Along with that, the scale of travel across a 'world' is far different, roughly 5000 to 10000 times greater.  It would be like being restricted to the speed of sail on each world assuming some relatively realistic fusion torch drive is commonly used in Dark Stars for interplanetary scale travel.   This suggests that, to maintain the interstellar civilization soap opera feel, the maximum travel time between two points of interest orbiting adjacent stars should be no more than around three times  the average 'across the world' travel time.  That is, if it takes a month to go from one side of the system to another, it probably shouldn't take more than three months on average to go from a point of interest in one system to another point of interest in an adjacent system.

While a standard soap opera setting can have pre-space flight technology worlds, in a Dark Stars setting that makes little sense.  There is a minimum tech level required to support civilization in space. In order to satisfy the evolution of civilization argument above, this tech level must be significantly less than that required for FTL travel.

In order for space opera style interstellar warfare to make any sort of sense, there needs to be some limitations on the FTL travel mechanism, either some sort of choke points, or some distance limitations, or both.  To allow for manageable multiple star system empires, our speed of information transfer needs to be restricted as well.  In the absence of FTL communications, the time for a packet of information to travel from one system to another through a third is expressible as 2Tt + 2Tc1 + 2Tc2; where Tt is average FTL travel time, Tc1 is communications between decision center and FTL courier, and Tc2 is the communications time between two FTL couriers, assuming that a single courier cannot be used as quickly as two.

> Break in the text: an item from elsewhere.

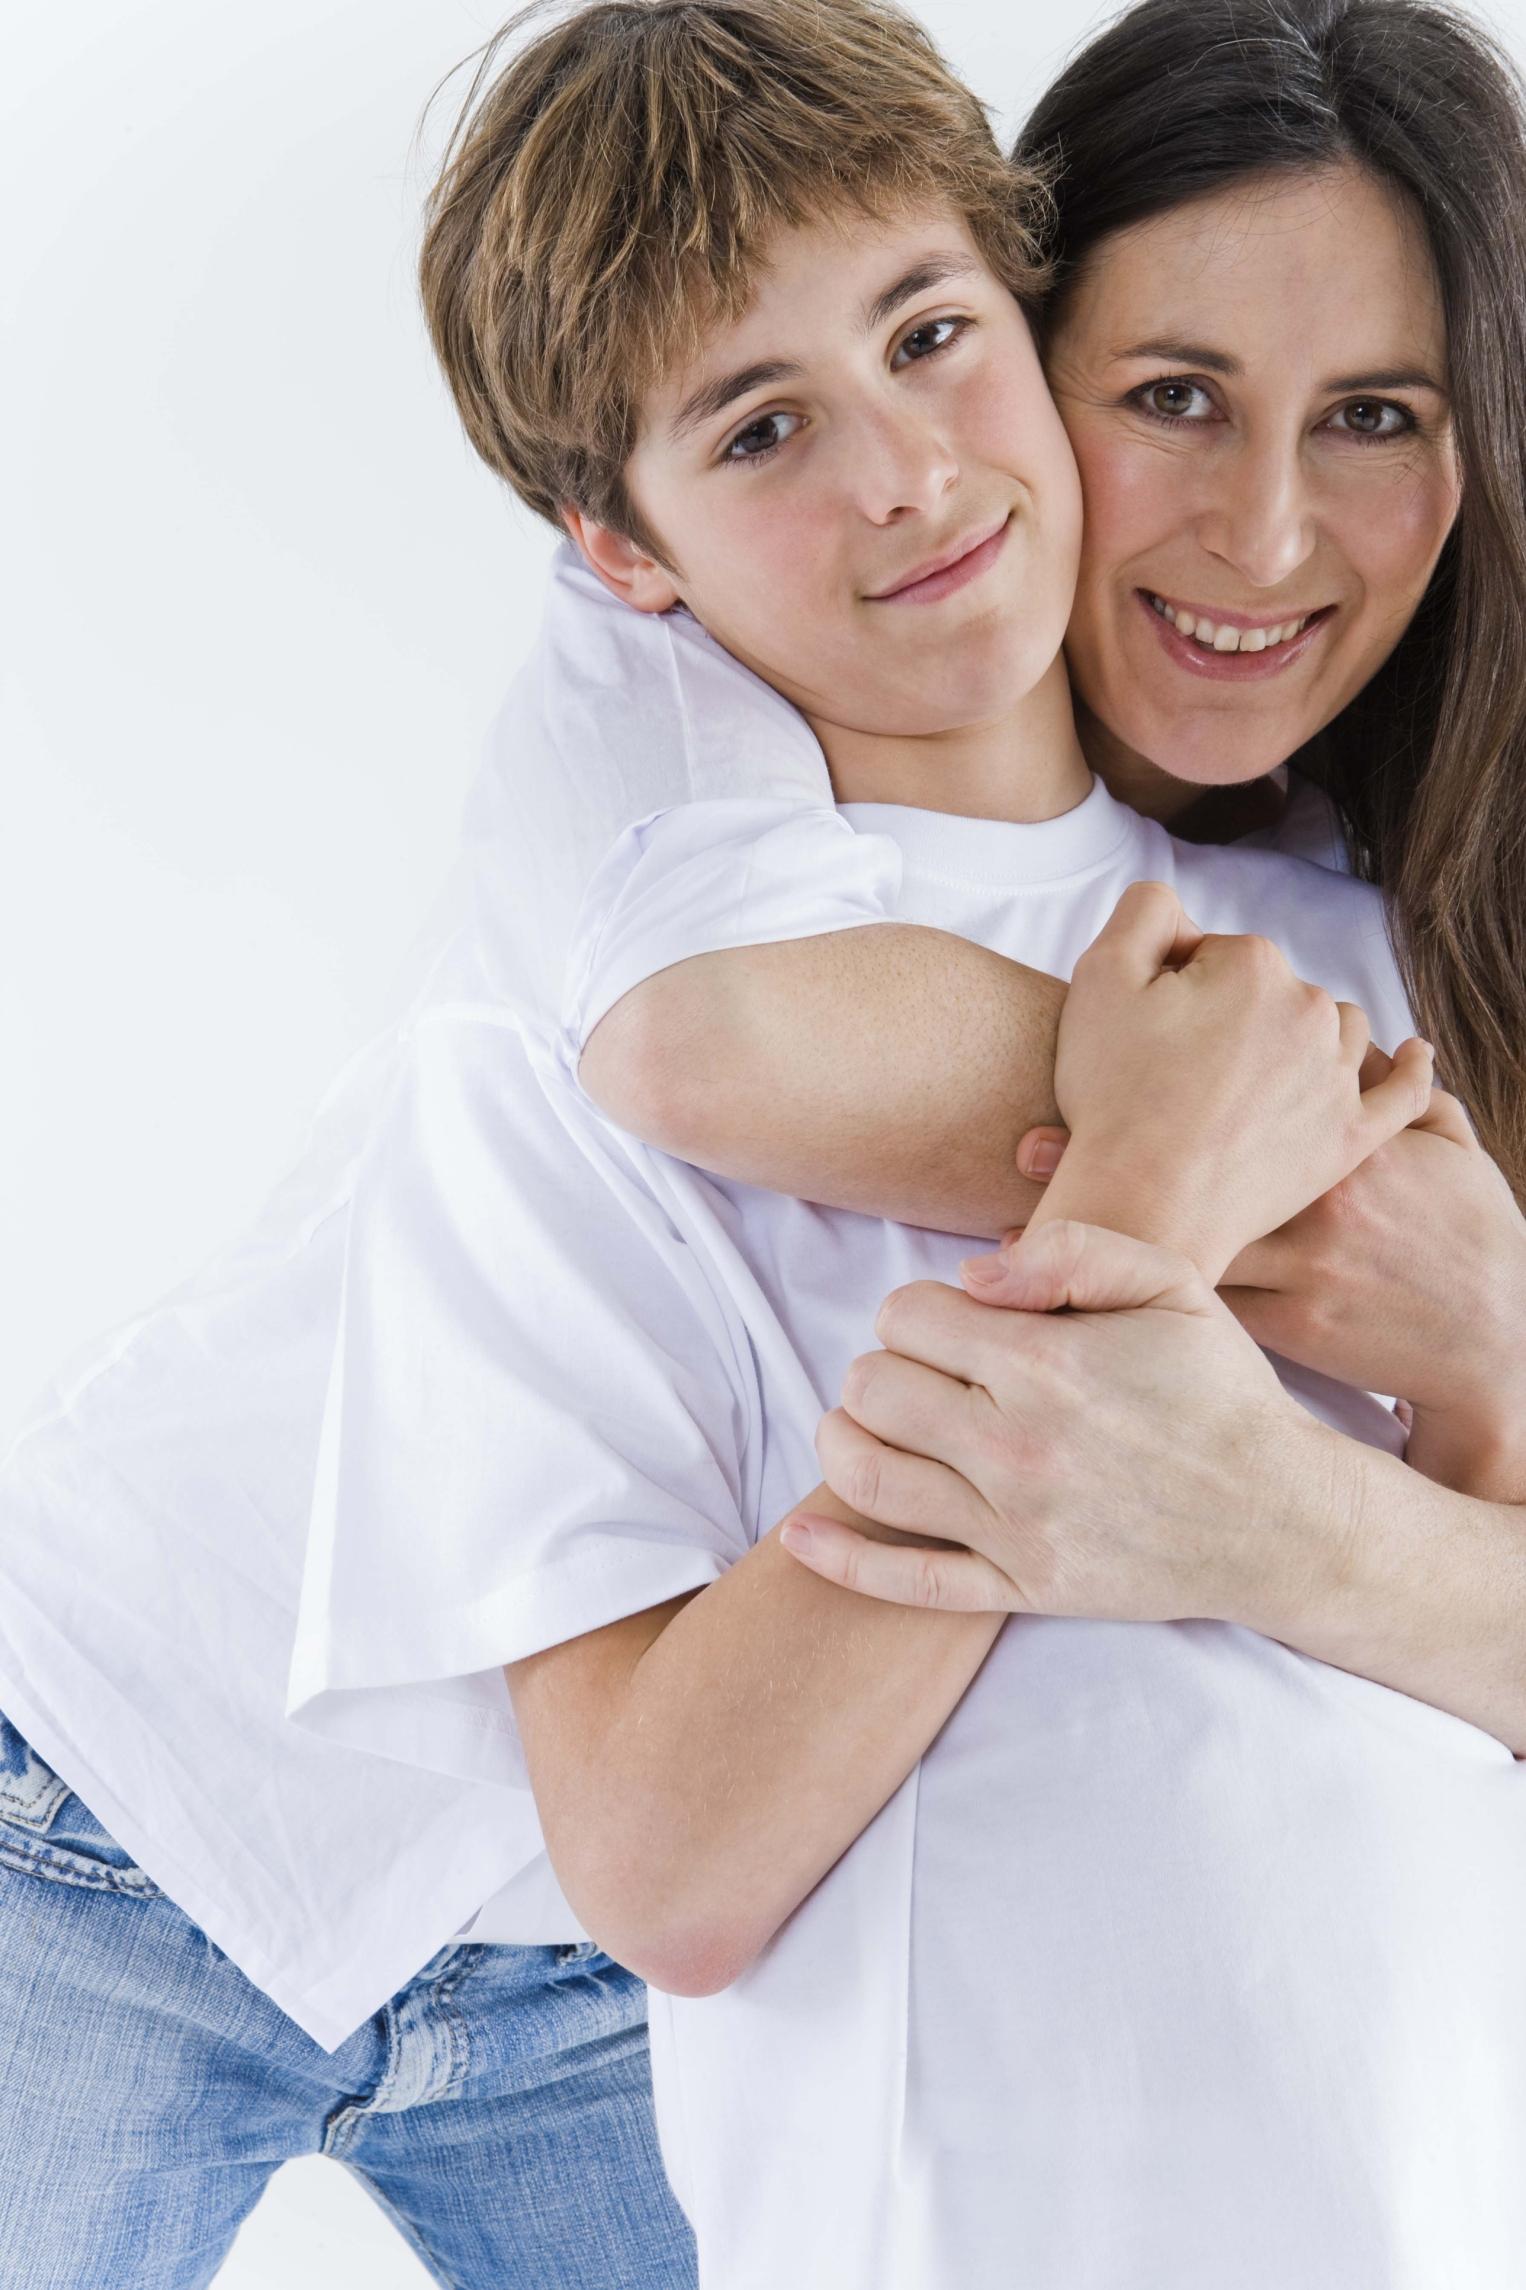 Authoritarian And Authoritative Parenting Styles

If we consider our elapsed time for scale of travel desired and our elapsed time for interstellar communications desired, we can calculate how long our FTL travel between two adjacent star systems should take on average.

Now zooming out a bit to look at the shape of an interstellar civilization composed of a collection of space based civilizations, a few questions spring to mind.  First, what differentiates one star system from another as far as desirability?  Probably a combination of stellar type, availability of easily accessible hydrogen, and asteroid belts - the more the merrier, perhaps small planets and/or moons might also be a bonus as a raw material source.  Beyond that location, location, location.  Of course that depends on the topography of our FTL mechanism.  While still zoomed out at this level, consider the ramifications of the FTL mechanism's topography on interstellar warfare as well.

I'll probably choose the Alderson point-ish Lares region type of Quantum Skip drive as the general FTL mechanism since a bit of time and effort has already gone into it.  It also has a somewhat more hard-sciencey technobabble behind it.  If the FTL points occur at roughly the 0.001 m/s^2 gravity gradient radius, that would put them around 2.5 AU from the sun in our solar system.  That also puts them at a reasonable distance for the average travel time target given realistic thrust levels of high delta-V reaction drives.  Now this assumes that the average interstellar tech level is a bit higher than normally found in Traveller, but given that is also a target criteria, we should be fine.

One aspect of this setting is that it gives us a bit of a way out with regards to our reaction drives and our power plants.  We can sidestep most of the issues with magnetic bottle fusion and go to various forms of pulse mode antimatter initiated fusion. 

I'll have to take more time and consider the pluses and minuses with this idea further.  It seems to give a realistic hard scifi (with FTL exception) soap opera/RPG setting at the price of sacrificing the sacred cow of planetary based civilization.